How to Perform ANCOVA Using Linear Models (with R Examples)

ANCOVA (analysis of covariance) is a widely used statistical method for comparing the mean values of multiple groups on a continuous outcome while adjusting for the influence of a related continuous variable. ANCOVA extends ANOVA (analysis of variance) by integrating a continuous independent variable into the model to minimize bias and control for potential confounding effects from that variable.

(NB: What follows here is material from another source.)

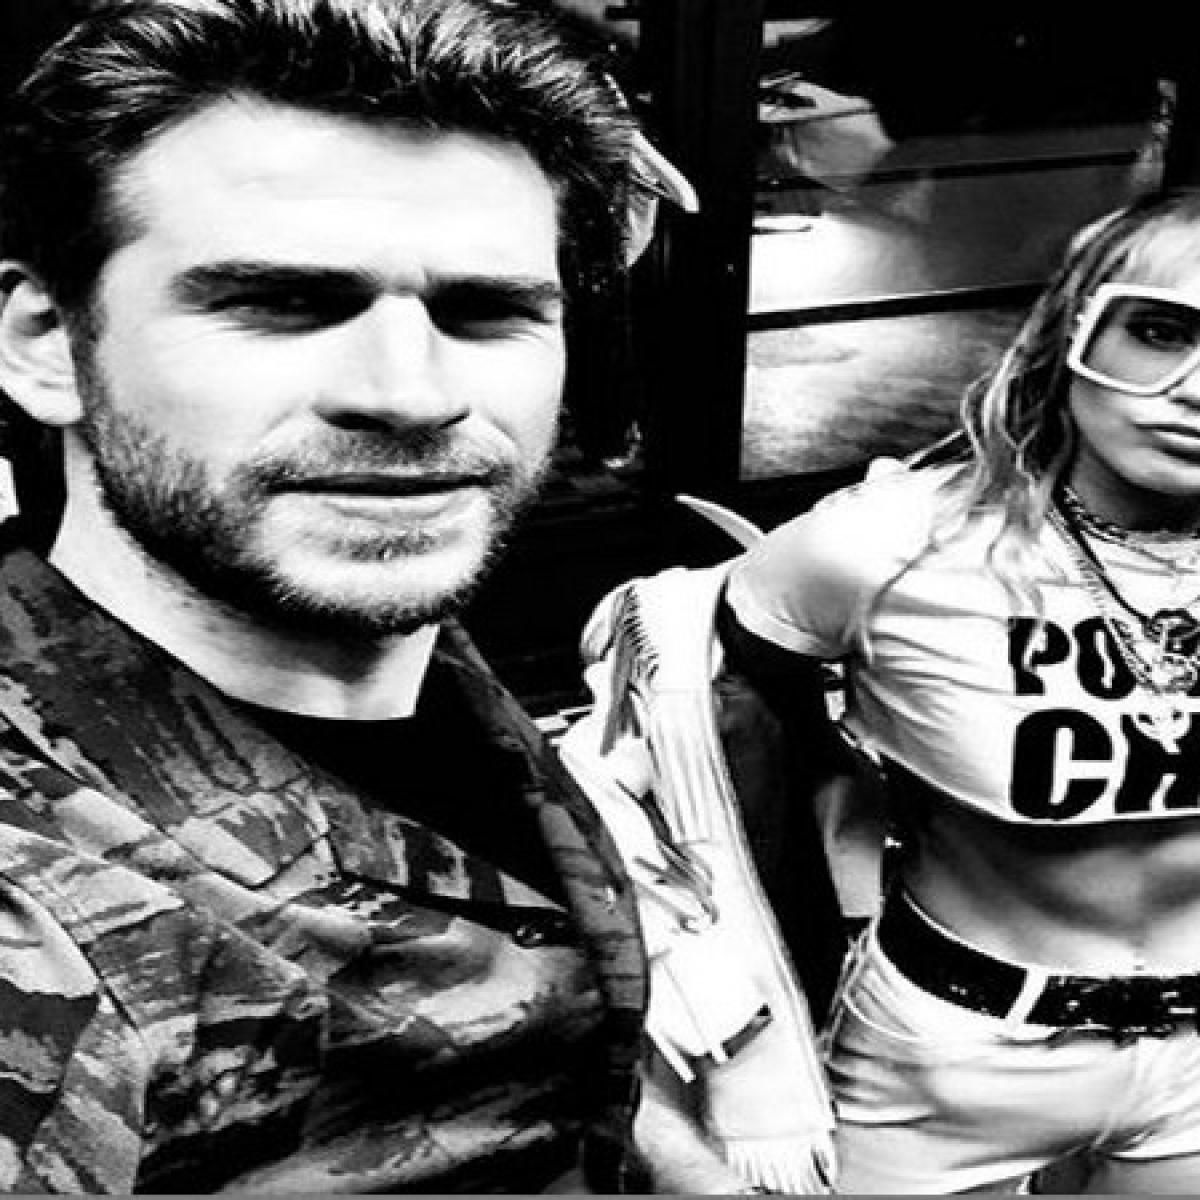 Miley Cyrus takes a jab at ex-husband Liam Hemsworth

ANCOVA can be applied within both the ANOVA framework and the linear modeling framework, such as multiple regression. In a separate module, I presented ANCOVA as an extension of ANOVA, and hence using the ANOVA framework. In this post, I present ANCOVA in the linear modeling approach using the same data to compare the results with the ANOVA approach.

ANCOVA as a Linear Model

At its core, ANCOVA is simply a linear model with both categorical and continuous predictors. Although it is often introduced as an extension of ANOVA, the method is more naturally understood as a special case of multiple regression. In this formulation, the group variable enters the model as a factor (represented through dummy variables), while the covariate enters as a continuous predictor.

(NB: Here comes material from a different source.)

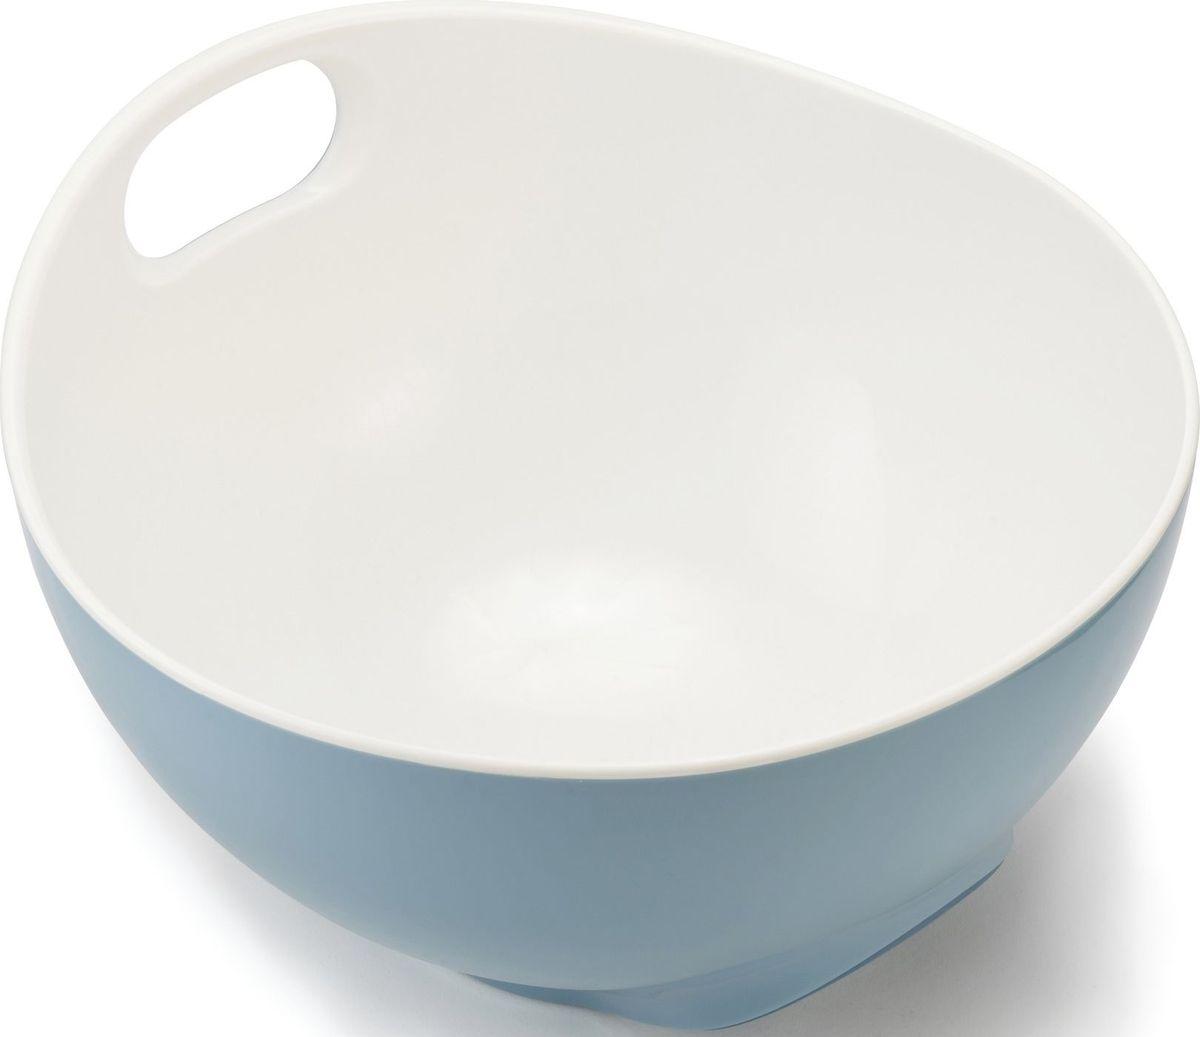 "Миска Joseph Joseph ""Tilt"", цвет: голубой, 4 л"

When we fit a model of the form

Yi=β0+β1Groupi+β2Xi+εi,εi𝒩(0,σ2).Y_i = \beta_0 + \beta_1 \,\text{Group}_i + \beta_2 \,X_i + \varepsilon_i, \qquad \varepsilon_i \sim \mathcal{N}(0, \sigma^2).

the coefficient β1 represents the adjusted group difference—that is, the difference in expected outcomes between groups after controlling for the covariate X. This is precisely what ANCOVA aims to estimate. Instead of computing adjusted means through sums of squares (as in classical ANOVA), the linear model computes the same adjustment through regression coefficients.

Viewing ANCOVA through the linear modeling lens also clarifies its assumptions. The requirement of homogeneity of regression slopes—that the covariate–outcome relationship is the same across groups—corresponds to the absence of a significant interaction term between the factor and the covariate. If such an interaction exists, the model is no longer an ANCOVA but a more general regression model with group‑specific slopes. Likewise, the assumption of linearity is simply the standard linear model requirement that the covariate relates linearly to the outcome. These assumptions are not unique to ANCOVA; they are inherited directly from the linear model framework.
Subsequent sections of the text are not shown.